"Quiet Signs"

Ano: 2019
Selo: Mexican Summer / City Slang
Gênero: Indie, Folk, Pop de Câmara
Para quem gosta de: Adrianne Lenker e Julie Byrne
Ouça: This Time Around e Fare Thee Well
Nota: 8.5

Crítica: “Quiet Signs”, Jessica Pratt

Em uma primeira audição, Quiet Signs (2019, Mexican Summer / City Slang) talvez seja apenas mais um em meio a tantos outros registros embriagados pelo cancioneiro norte-americano dos anos 1970. Da composição dos arranjos ao uso delicado da voz, sempre econômica, cada elemento do terceiro e mais recente álbum de estúdio de Jessica Pratt parece seguir a trilha de veteranas do gênero, como Joni Mitchell, Karen Dalton ou mesmo a britânica Vashti Bunyan. Um emular de velhas possibilidades e melodias que vem sendo aprimorado sem pressa, desde o homônimo debute da cantora e compositora californiana.

A principal diferença em relação ao presente disco e toda a sequência de obras entregues por Pratt nos últimos anos, principalmente o antecessor On Your Own Love Again (2015), está na forma como a artista de São Francisco parece brincar com os espaços dentro de cada canção. De fato, o silêncio é parte substancial do som produzido em Quiet Sings. Do momento em que tem início, na instrumental Opening Night, perceba como a musicista estabelece pequenas brechas e respiros pontuais, arrastando o ouvinte para dentro de um trabalho marcado pela minúcia, esmero que força uma audição atenta até o último instante do álbum, em Aeroplane.

Parte dessa estrutura vem do claro desejo de Pratt e do produtor Al Carlson em encapsular a atmosfera de obras produzidas entre o final dos anos 1960 e início da década de 1970, dialogando com diferentes nomes com pop de câmara, soul e jazz.

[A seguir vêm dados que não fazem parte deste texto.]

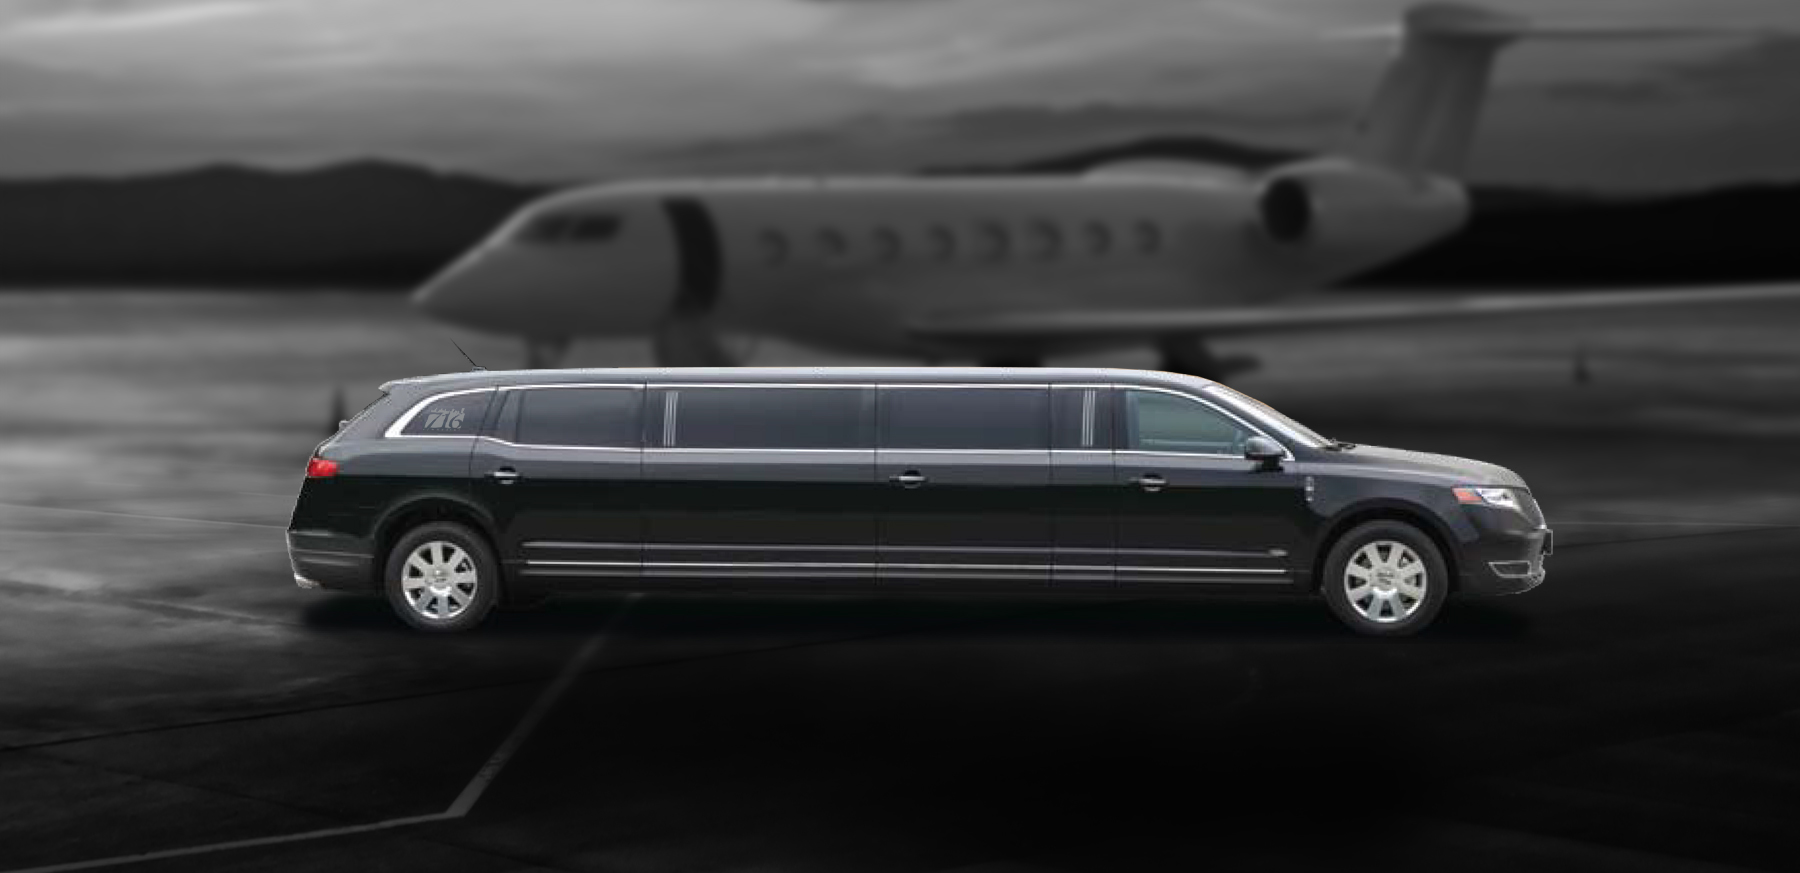 716 Limousine Fleet - 7 pax stretch limousines

De performances ao vivo, como Nina Simone in Concert (1964), passando pelo cuidadoso repertório de Scott Walker, Paul Williams e outras referências confessas pela artista em uma recente edição do What’s In My Bag?, cada movimento em Quiet Sings parece conduzir o ouvinte em direção ao passado.

Claro que esse propositado diálogo da artista com representantes vindos de diferentes campos da música não interfere na produção de uma obra autoral, guiada em essência pela força dos sentimentos despejados pela artista. Exemplo disso está em This Time Around, sexta composição do disco. Enquanto os versos refletem a completa melancolia do eu lírico – “Desta vez / Ficou tão cinza que minha fé não pode aguentar? / Você não ouviu” – , musicalmente, Pratt dança por entre diferentes gêneros e conceitos instrumentais, provando desde melodias íntimas da bossa nova ao folk etéreo e psicodélico de artistas como Nico.

Uma criativa reciclagem de conceitos que ganha nova formatação na voz atmosférica e fina tapeçaria acústica que cobra toda a superfície do registro. Ideias que se espalham sem pressa, como na base instrumental que encolhe e cresce em Silent Song, a atmosfera colorida de Poly Blue ou mesmo o som empoeirado de Aeroplane, música que parece apontar para o som urbano de nomes como The Velvet Underground. Encaixes certeiros que sutilmente ampliam tudo aquilo que vem sendo testado por Pratt há quase uma década.

Produto do claro refinamento estético da musicista, Quiet Signs força o regresso do ouvinte a fim de uma absorção completa da obra. São camadas instrumentais e poéticas que ora confessam algumas das principais inquietações da artista norte-americana, ora mergulham o ouvinte em um universo de profundo romantismo. Composições que parecem seguir uma trilha particular quando próximas de outros exemplares recentes da cena norte-americana, como Abyskiss (2018), de Adrianne Lenker, ou mesmo o recente Remind Me Tomorrow (2019), de Sharon Van Etten.